| Work required |
Here is a listing. Write it all out again exactly, but not its pictures.

| Dataset excerpt |
▽
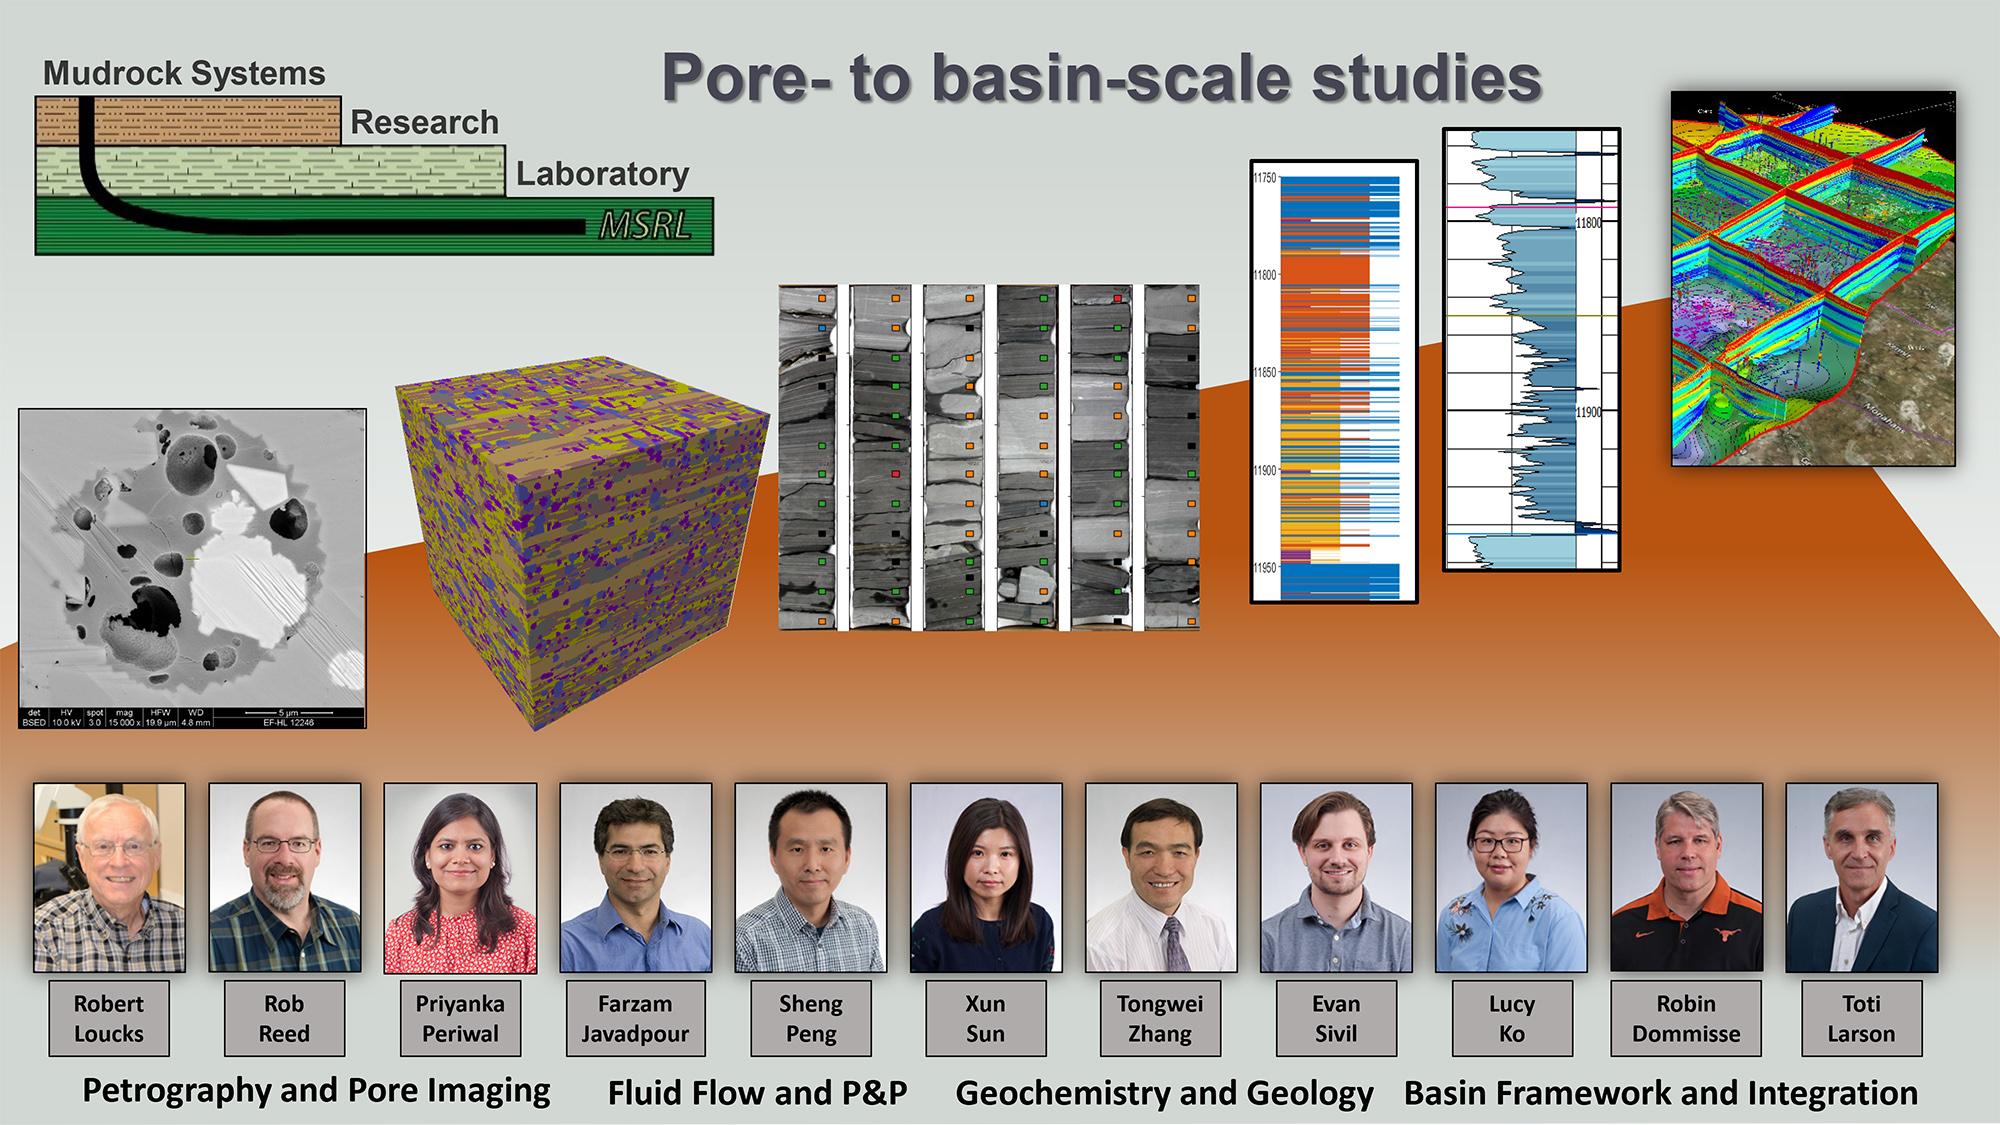 Pore to basin-scale-studies
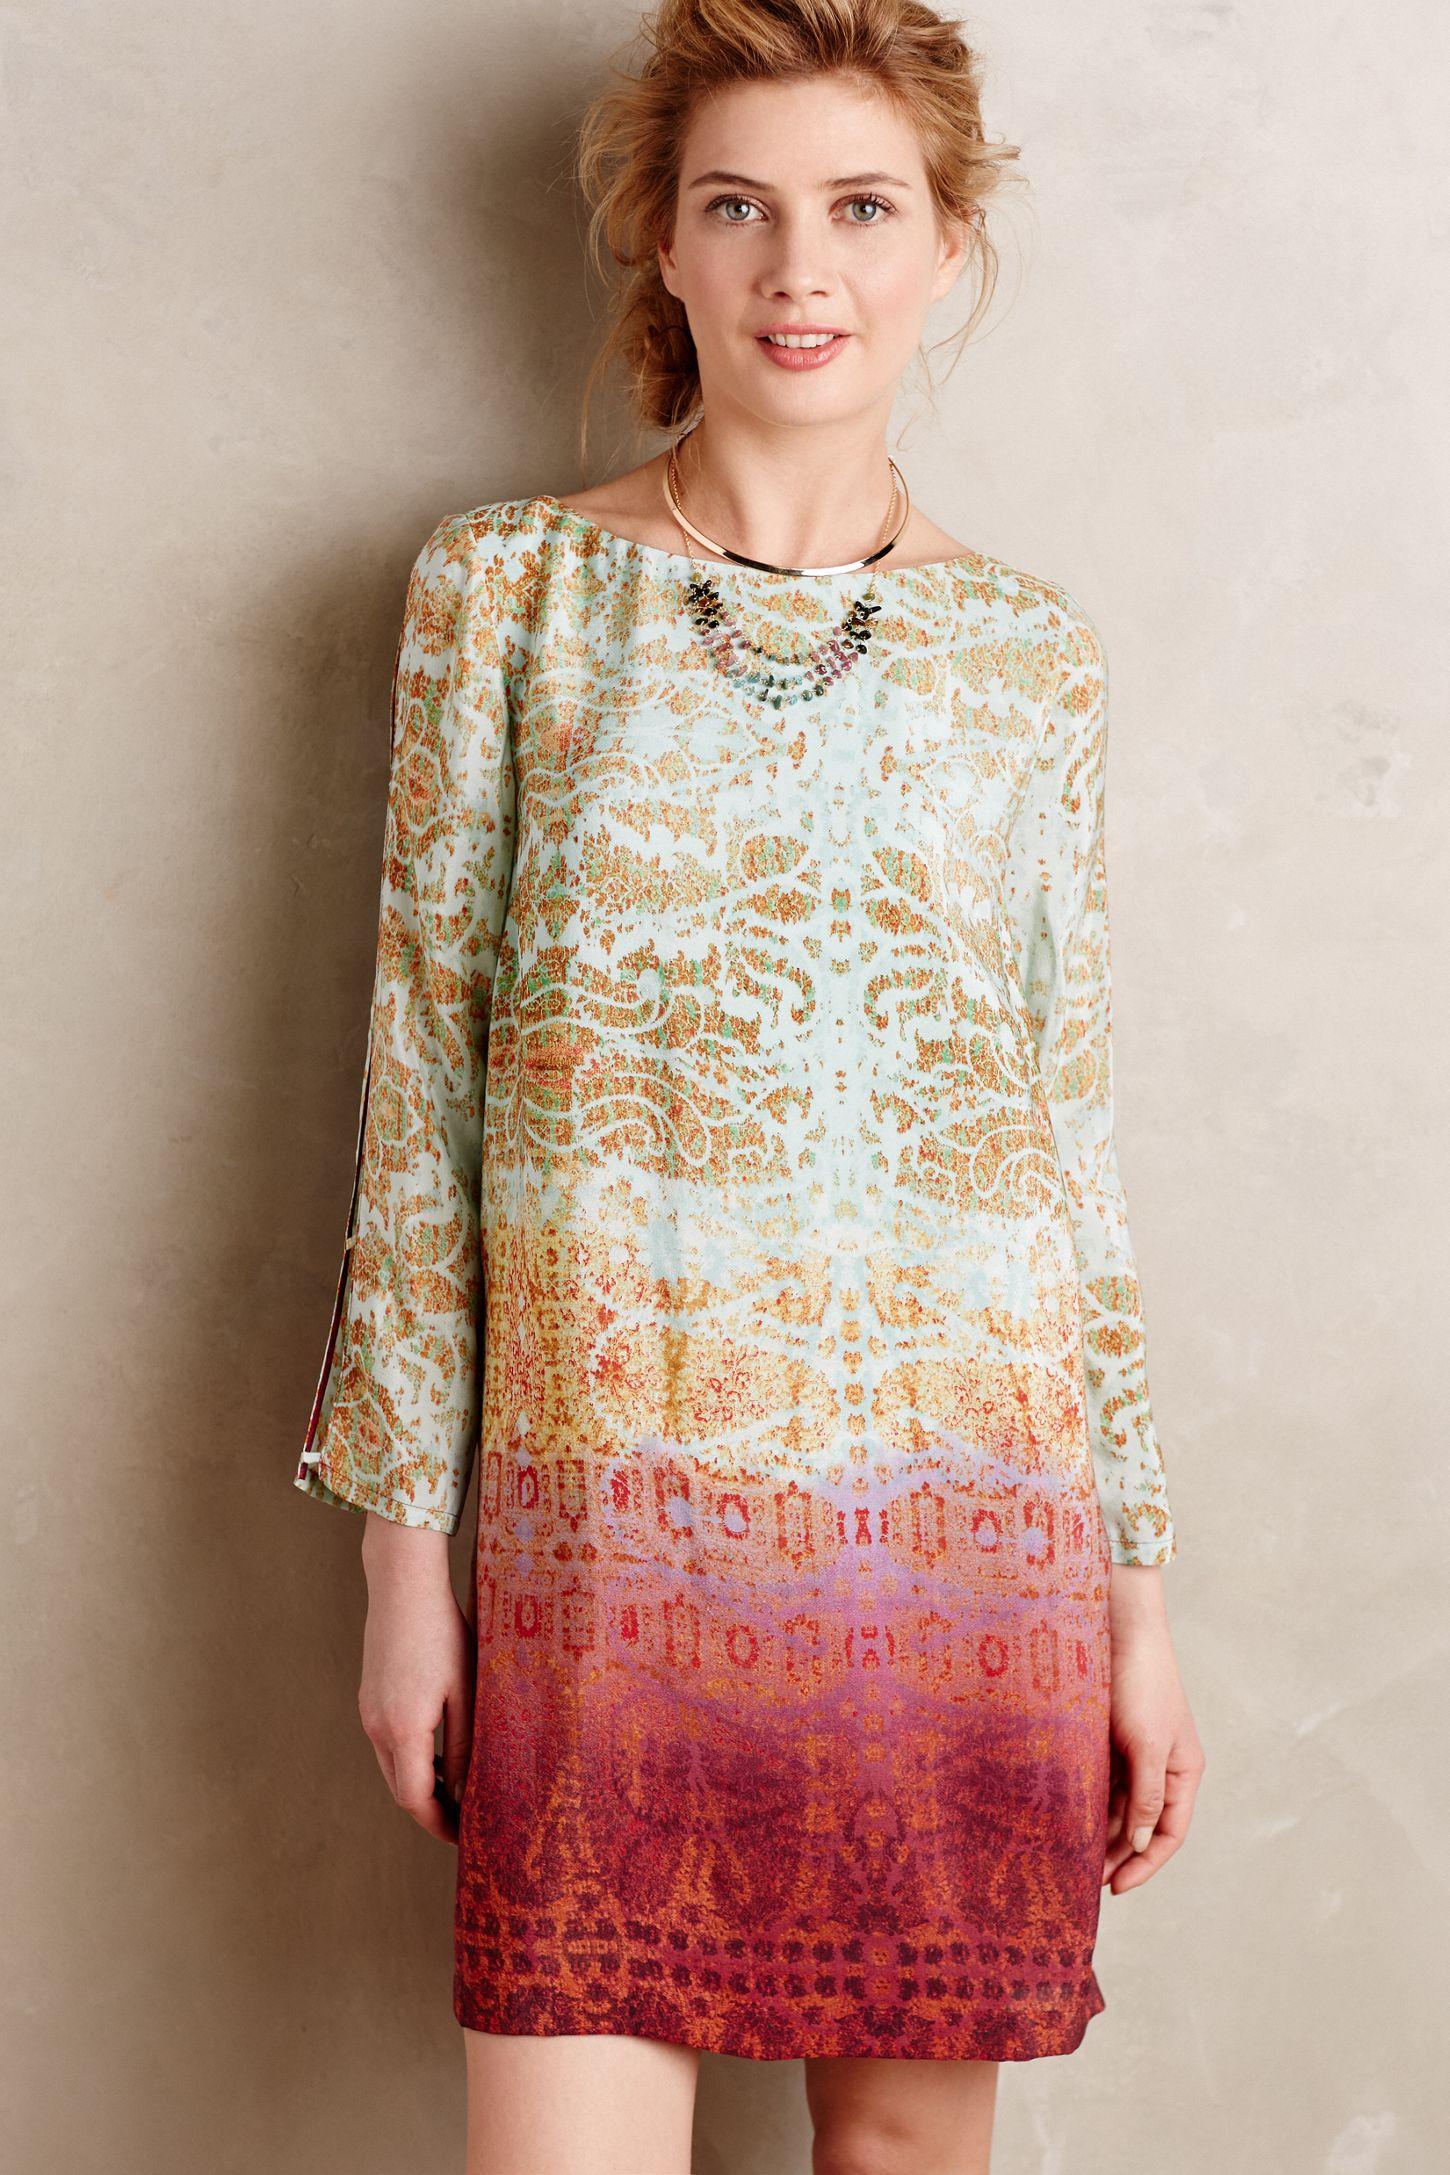 bdb4b4ff1c83 Cleome Dress | Anthropologie
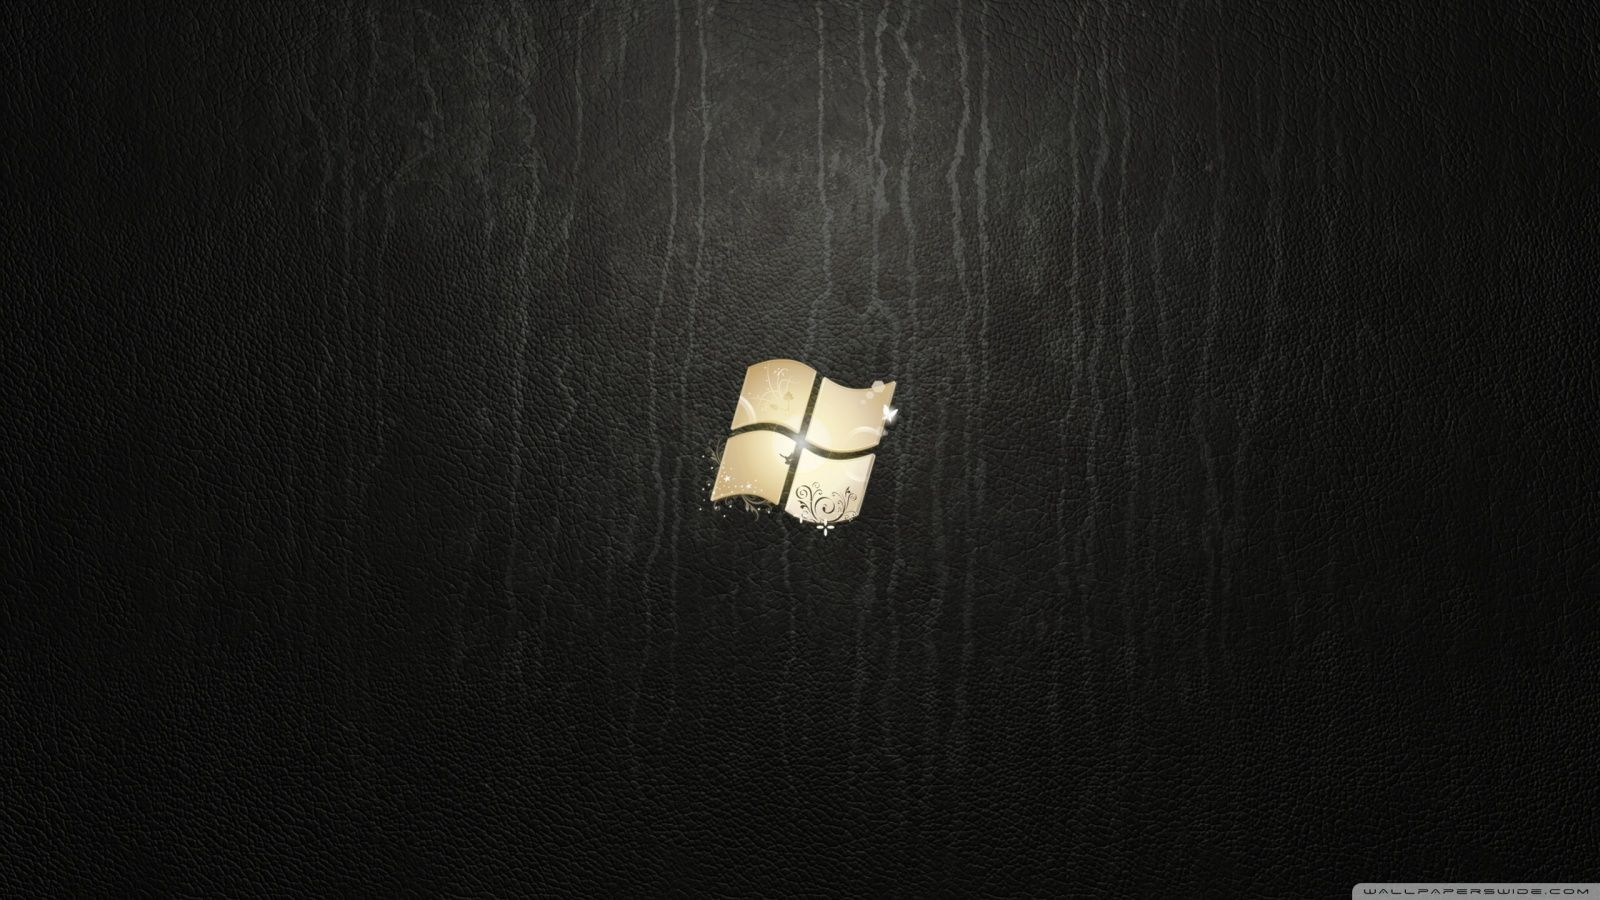 Windows 7 Ultimate Leather Hd Desktop Wallpaper Fullscreen Dual Windows Wallpaper Hd Cool Wallpapers Dark Wallpaper
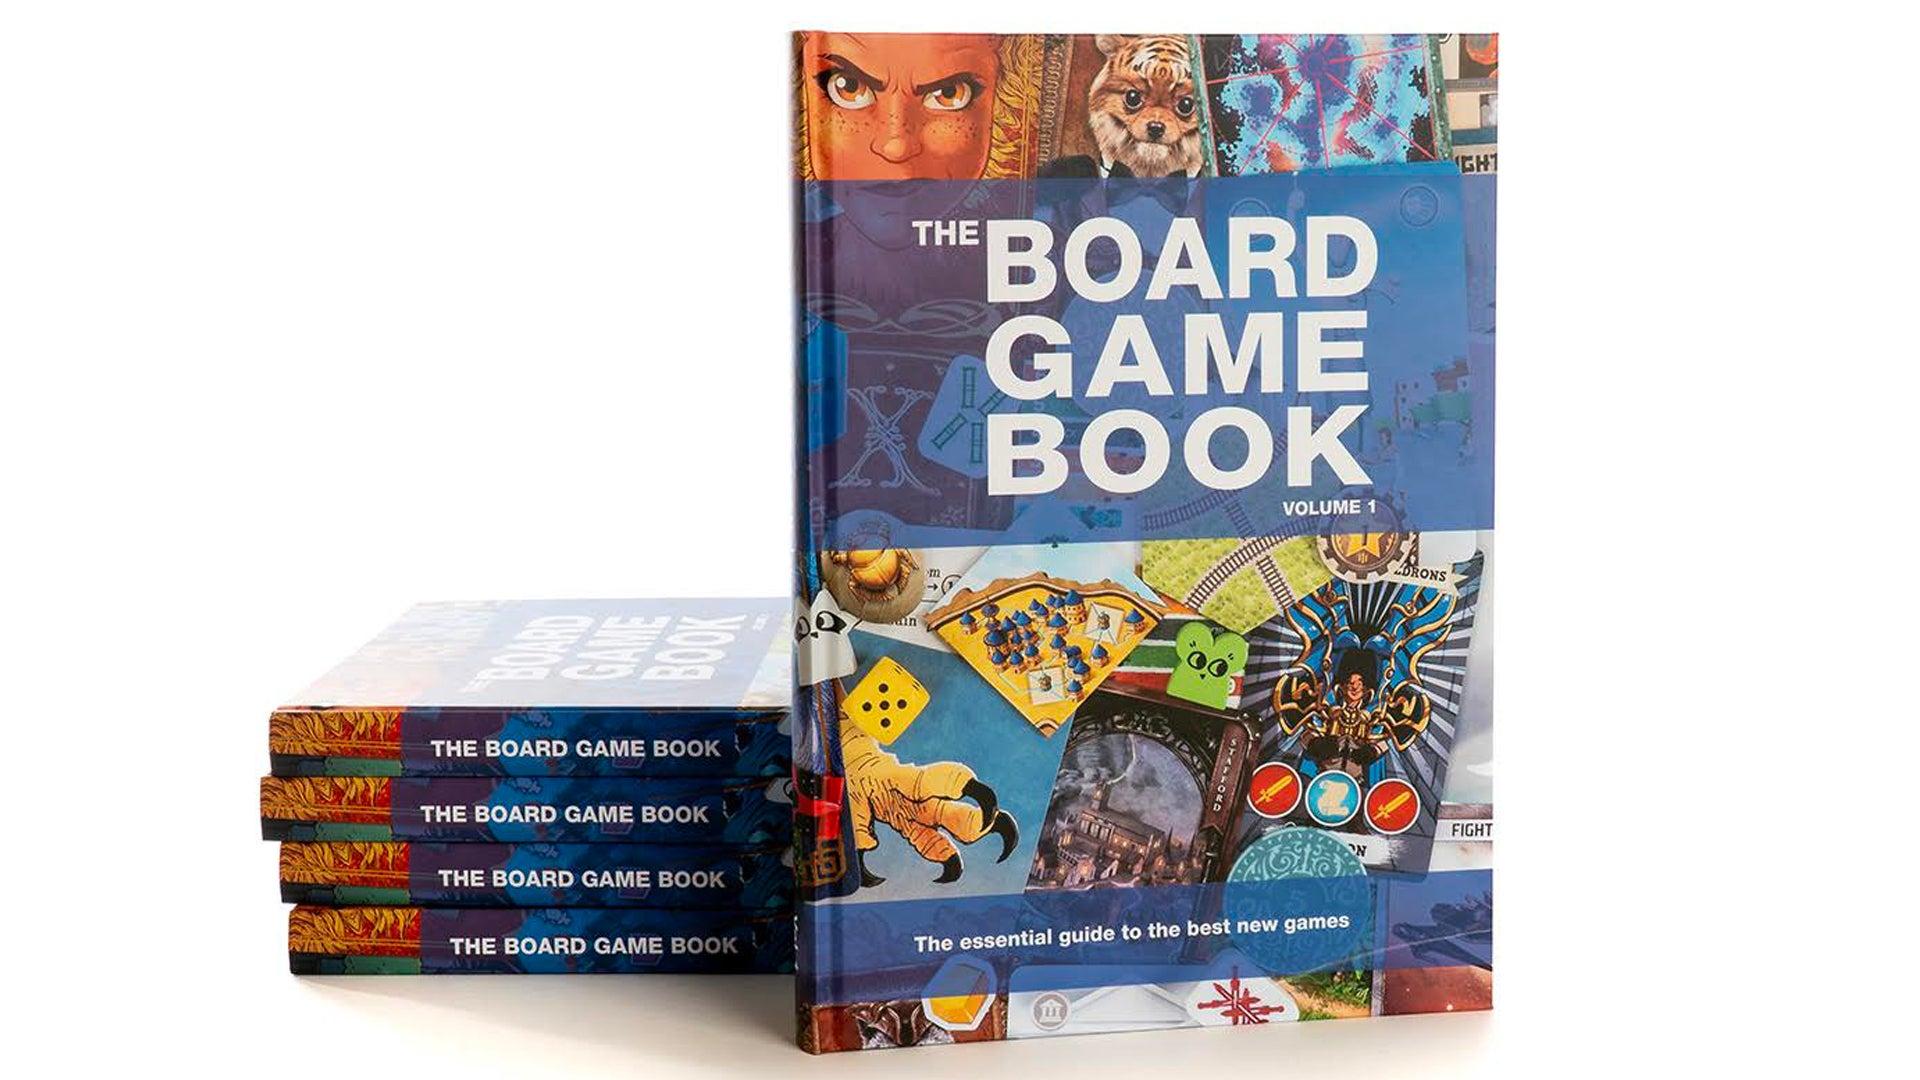 Board Game Book Volume 1 image
△
| Answer to this problem |
 Pore to basin-scale-studies
 bdb4b4ff1c83 Cleome Dress | Anthropologie
 Windows 7 Ultimate Leather Hd Desktop Wallpaper Fullscreen Dual Windows Wallpaper Hd Cool Wallpapers Dark Wallpaper
 Board Game Book Volume 1 image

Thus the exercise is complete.